Examples of estimating NameNode heap memory

You can estimate the heap memory by consider either the number of file inodes and blocks, or the cluster capacity.

Example 1: Estimating NameNode heap memory used

Alice, Bob, and Carl each have 1 GB (1024 MB) of data on disk, but sliced into differently sized files. Alice and Bob have files that are some integral of the block size and require the least memory. Carl does not and fills the heap with unnecessary namespace objects.

Alice: 1 x 1024 MB file

1 file inode
8 blocks (1024 MB / 128 MB)

Total = 9 objects * 150 bytes = 1,350 bytes of heap memory

Bob: 8 x 128 MB files

8 file inodes
8 blocks

Total = 16 objects * 150 bytes = 2,400 bytes of heap memory

Carl: 1,024 x 1 MB files

1,024 file inodes
1,024 blocks

Total = 2,048 objects * 150 bytes = 307,200 bytes of heap memory

Example 2: Estimating NameNode heap memory needed

In this example, memory is estimated by considering the capacity of a cluster. Values are rounded. Both clusters physically store 4800 TB, or approximately 36 million block files (at the default block size). Replication determines how many namespace blocks represent these block files.

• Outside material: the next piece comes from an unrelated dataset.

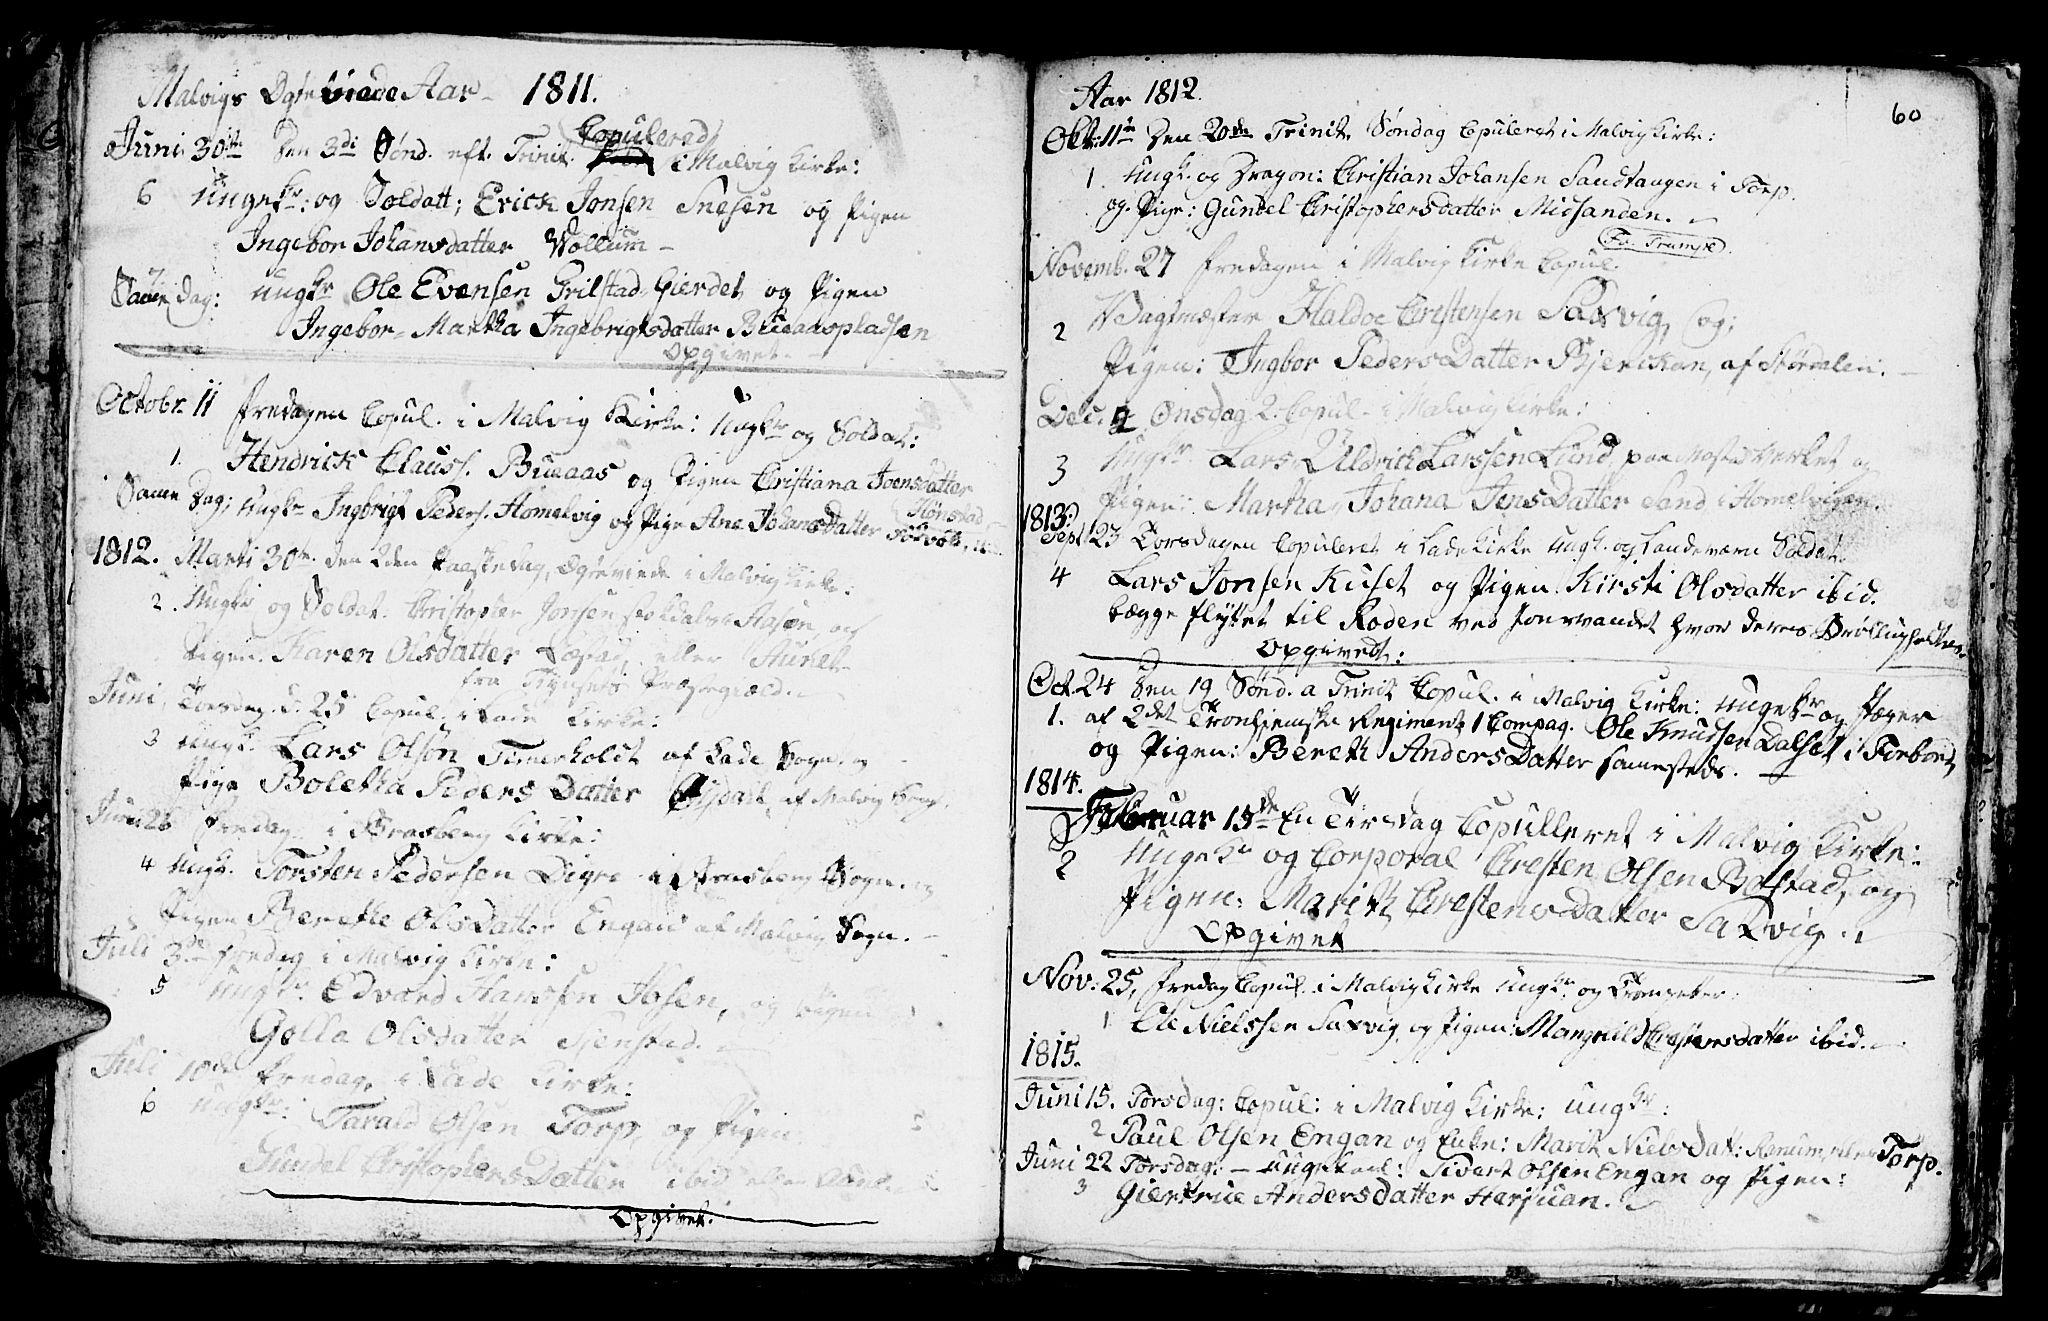 SAT, Ministerialprotokoller, klokkerbøker og fødselsregistre - Sør-Trøndelag, 616/L0419: Klokkerbok nr. 616C02, 1797-1816, s. 60

Cluster A: 200 hosts of 24 TB each = 4800 TB.

Blocksize=128 MB, Replication=1
Cluster capacity in MB: 200 * 24,000,000 MB = 4,800,000,000 MB (4800 TB)
Disk space needed per block: 128 MB per block * 1 = 128 MB storage per block
Cluster capacity in blocks: 4,800,000,000 MB / 128 MB = 36,000,000 blocks

At capacity, with the recommended allocation of 1 GB of memory per million blocks, Cluster A needs 36 GB of maximum heap space.

Cluster B: 200 hosts of 24 TB each = 4800 TB.

Blocksize=128 MB, Replication=3
Cluster capacity in MB: 200 * 24,000,000 MB = 4,800,000,000 MB (4800 TB)
Disk space needed per block: 128 MB per block * 3 = 384 MB storage per block
Cluster capacity in blocks: 4,800,000,000 MB / 384 MB = 12,000,000 blocks

At capacity, with the recommended allocation of 1 GB of memory per million blocks, Cluster B needs 12 GB of maximum heap space.

Both Cluster A and Cluster B store the same number of block files. In Cluster A, however, each block file is unique and represented by one block on the NameNode; in Cluster B, only one-third are unique and two-thirds are replicas.